Пожалуй, даже сверх меры старался он в своем возвеличивании Василия. Хитроумный подарок преподнес — митру с венком, как у византийского императора.
Киприан часто и подолгу бывал в Константинополе, хорошо знал греческий тип высокого и великого сана, к которому доступ сопровождался изумительною для простых глаз торжественностью и обстановкою несказанного блеска и великолепия. Именно таким царем, самодержцем с ничем не ограниченной властью хотел видеть Василия митрополит, на это настраивал его. Но для Василия тип великого русского князя был резко, определенно очерчен обликом его отца, великого Дмитрия Ивановича Донского. А отец не зря назвал в предсмертном слове своих приближенных не боярами, но князьями: они в самом деле пользовались почти равною с великим князем самостоятельностью голоса, власти и действий. Нет, конечно, титуловали его и царем, и государем, и Божьим слугой, и главою земли, но сам Дмитрий Иванович мало им внимал, ему больше по душе было обращение — «княже», даже и без добавления «великий». И Василий желал иметь, по примеру отца, власть и звание главного судьи и воеводы, хранителя правды и ратного защитника отчей земли, но с постоянным ощущением нерасторжимой личной зависимости от той массы людей, что именуется народом: бояр и дружинников, дворян и ремесленников, священнослужителей и крестьян. Все они выступают участниками великого дела оберегания правды и защиты родной земли от врагов, а великий князь — лишь их вождь, лишь кормчий, отношения которого с земством непосредственны, просты, прямодушны. Конечно, никто в Московском княжестве не может сказать так, как говорит новгородское вече — «Мы тебе клянемся, княже, а по-твоему не хотим», никто не посмеет и думать так — «Ты себе, а мы себе», а тем более — «Тобе ся, княже, клянем», нет, это наивное и простодушное время отошло, но и братская связь великого князя и земства еще не прервалась окончательно, и Василий, когда приходилось ему обращаться к подданным своим, называл их не иначе как «Братья мои милые!»
Киприан увещевал:
— Все мы братья во Христе, но твой сан государя всея Руси обязывает тебя держать Русь в своей власти, и тебе, самодержцу, все — князья и холопы, бояре и смерды — поклоняться должны, яко самому Богу. Так было в Первом Риме, так было в Риме Втором — Константинополе, так должно быть в Риме Третьем — Москве.

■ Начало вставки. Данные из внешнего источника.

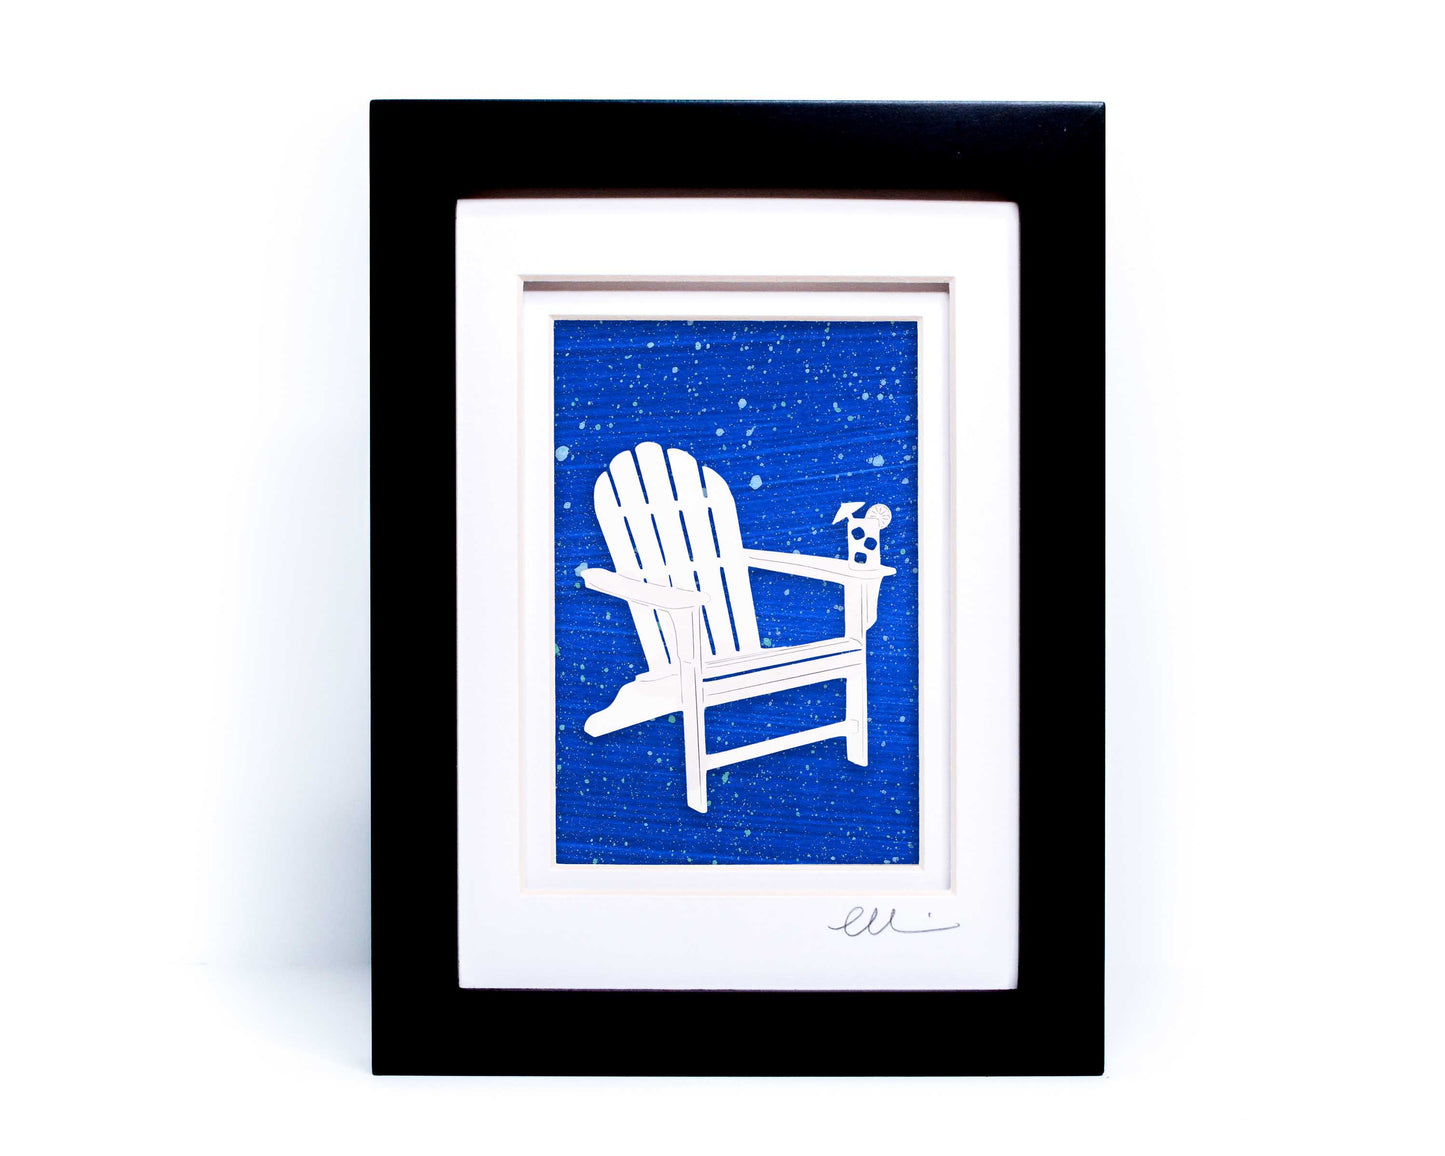 White beach adirondack chair with drink on chair arm papercut on hand painted bright blue splattered background.

Вон куда замахивался Киприан, мнил себя, возможно, уж и патриархом всего мира православного! Пусть тешится, думал Василий, намереваясь сам строго придерживаться порядка, заведенного на Руси пращурами.
Однако что-то все же изменилось в привычных связях великого князя с его окружением. Василий зорко всматривался и чувствовал: кто-то его боится, кто-то трепещет даже, кто-то не любит, а кто-то ненавидит, но все ловко скрывают свое отношение. Иные многие, впрочем, не только не скрывают, но даже и подчеркивают свою принадлежность великому князю. И к этому Василию надо было привыкать.

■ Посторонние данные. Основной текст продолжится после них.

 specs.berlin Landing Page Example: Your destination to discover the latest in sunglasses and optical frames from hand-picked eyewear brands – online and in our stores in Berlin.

Когда Судислав Некрасов порвал становую жилу и стало ясно, что он уже не жилец, Василий задумался о новом кормиличиче и обронил между прочим:
— Помню, встречал меня расторопный отрок боярский, когда я из плена шел… Сказался он внуком Акинфы и племянником Михайлы Акинфовича, того, что на Куликовом поле пал…

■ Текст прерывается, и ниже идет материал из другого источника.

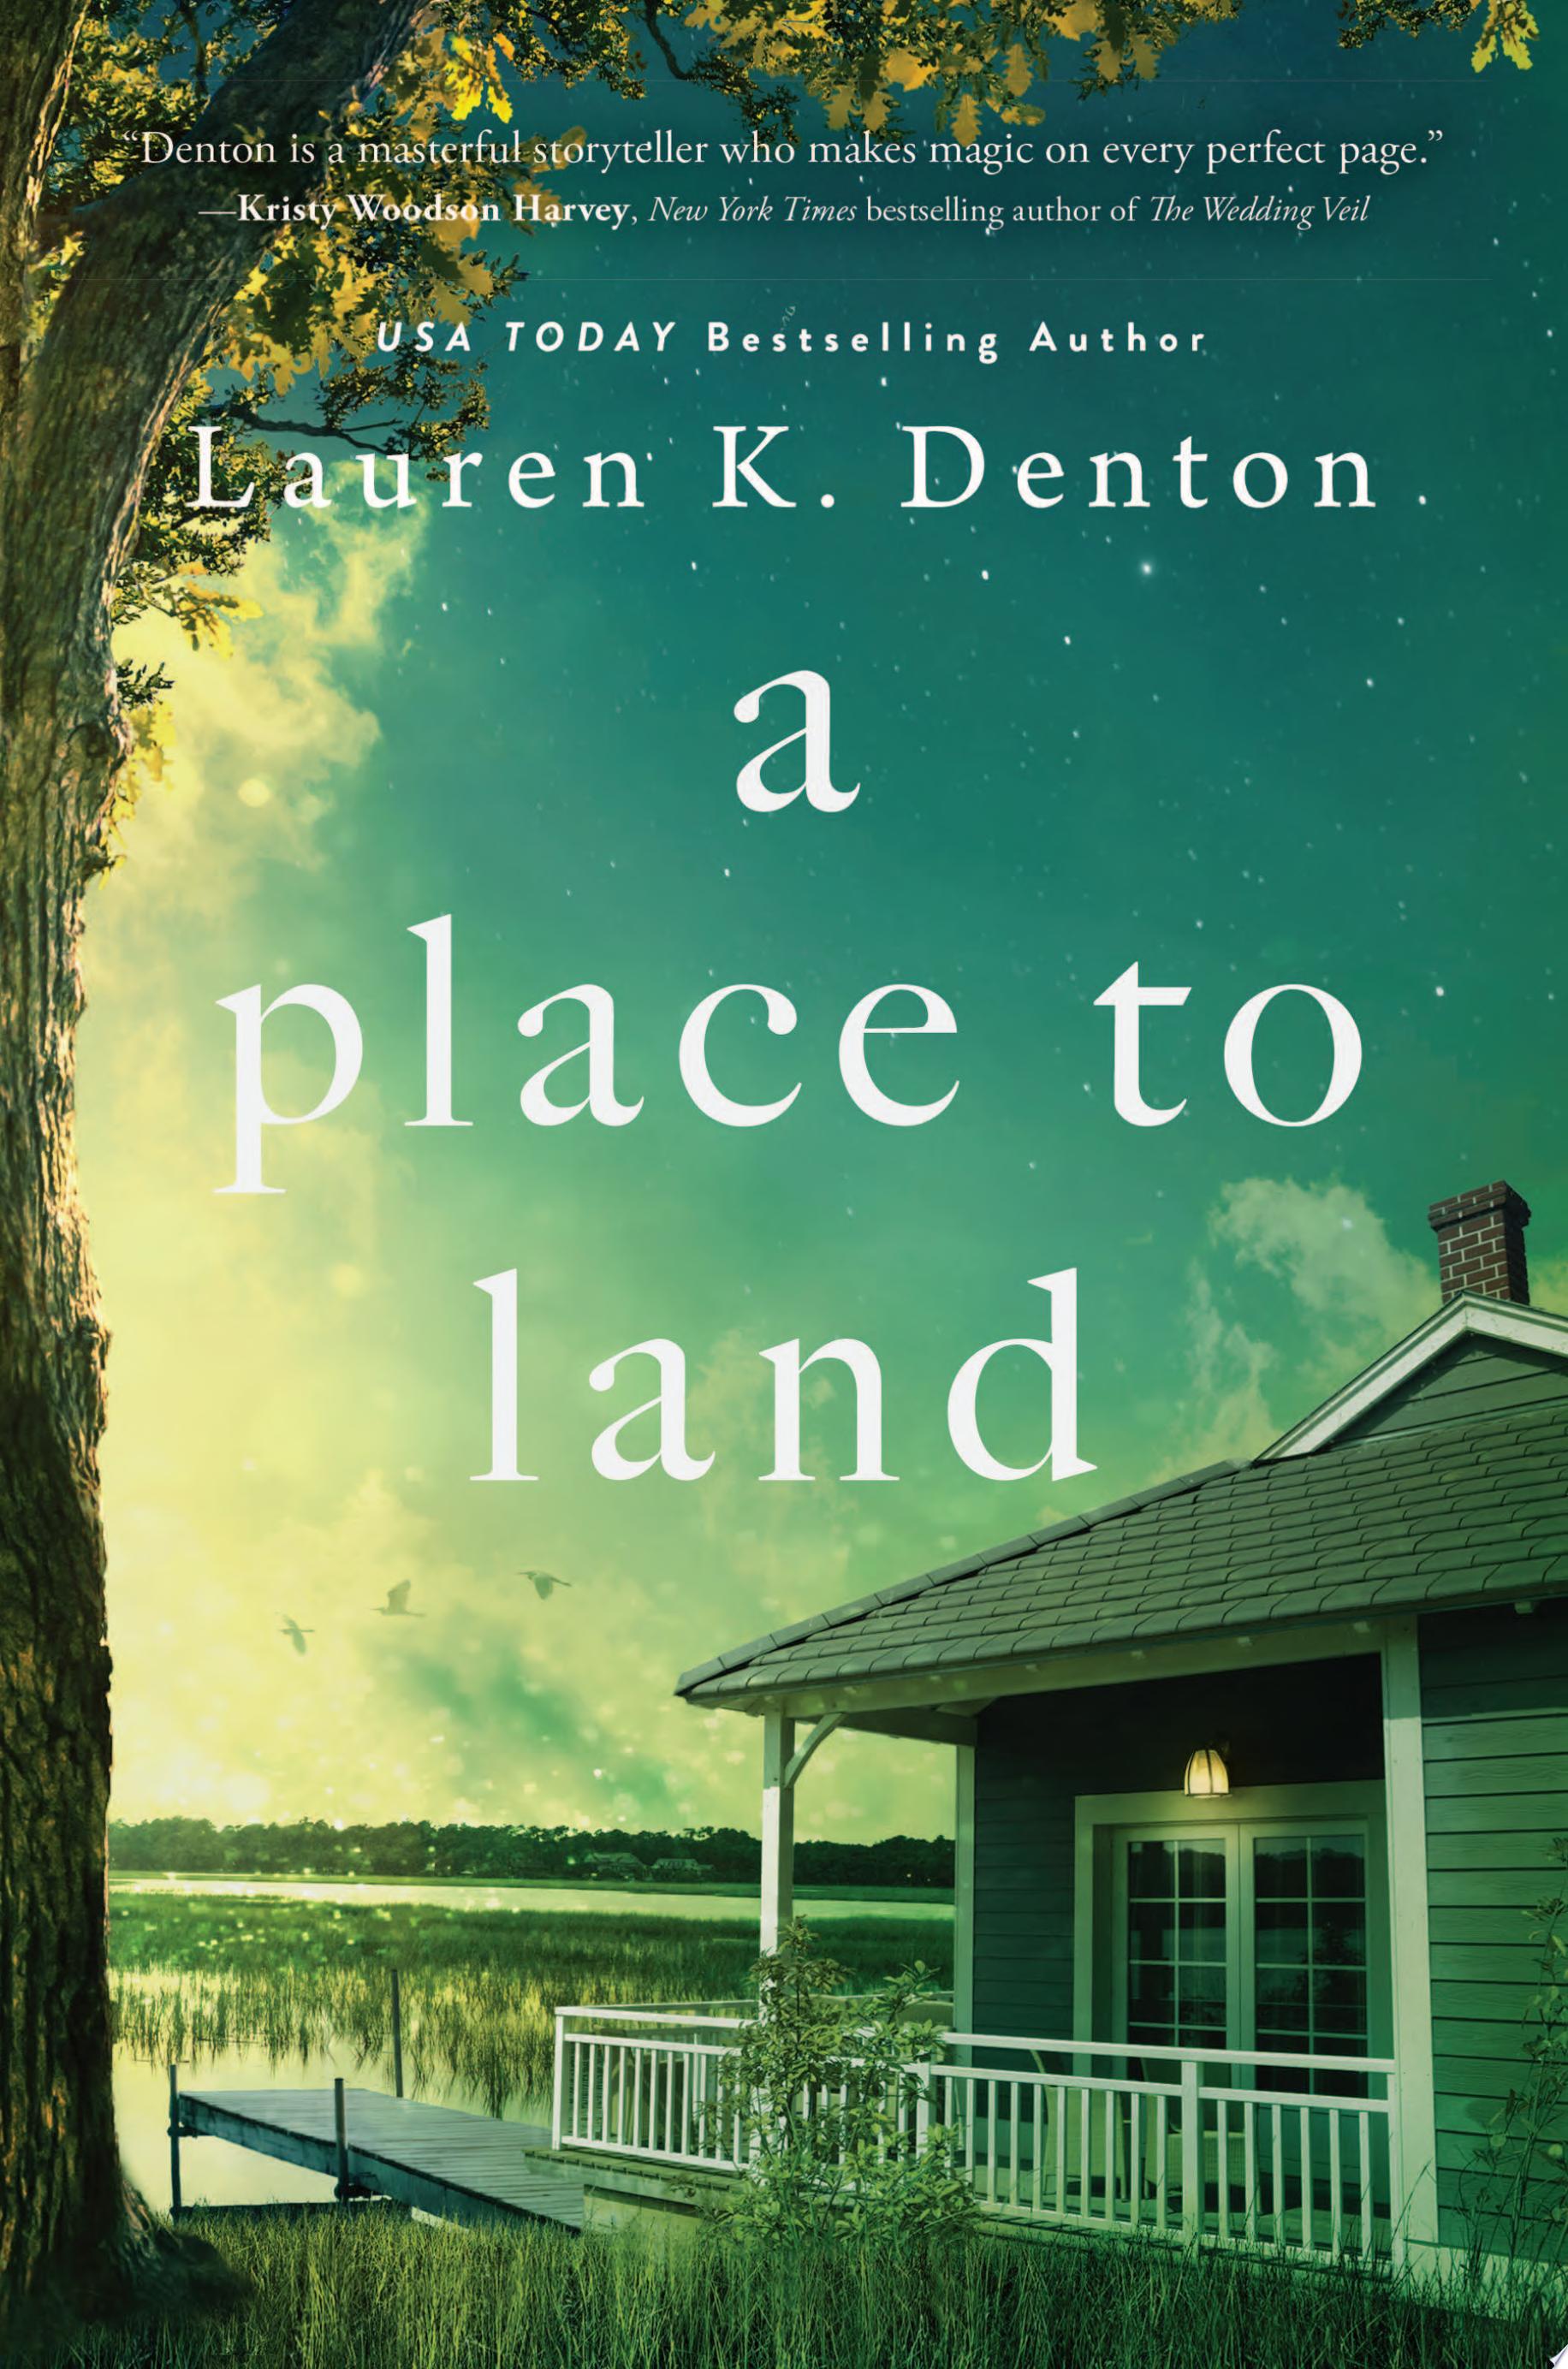 Image for "A Place to Land"

И сам забыл об этих словах своих, а окольничий Вельяминов через три дня сообщил:
— Нашли Бутурлю.
— Какого Бутурлю? — не понял Василий.
— Правнук Акинфы, сын Иванов Григорий Бутурля.
А Киприан тут же и полную справку дал.
Прибыл в конце двенадцатого века в новгородские земли «муж честна по имени Ратша, выходец из седмиградской земли». Один из потомков его, обрусевший венгерец Ратша Гаврила Олексич, участвовал, по свидетельству летописца, в Невской битве 15 июля 1240 года рядом с Александром Ярославичем, «в числе мужей храбрых» преследовал военачальника шведов Биргера до самого корабля его, был сброшен в воду вместе с конем, но выплыл и погнался за другим шведским воеводой — Спиридоном, которого и убил. Вскоре после того он был пожалован в бояре. Сын его Акинф Гаврилович был уже видным московским боярином при Иване Калите, но потом бежал в Тверь к великому князю Михаилу Ярославичу, за что поплатился жизнью.
Один из правнуков этого Акинфа Михайло надел боярскую шапку при Дмитрии Ивановиче и, начальствуя над сторожевым полком, погиб от татарской стрелы в Куликовской битве. Сына другого его правнука, Ивана Андреевича, прозвали Бутурля, он был в Коломне великокняжеским приставом, исправно нес службу, а сейчас вот был затребован в Кремль.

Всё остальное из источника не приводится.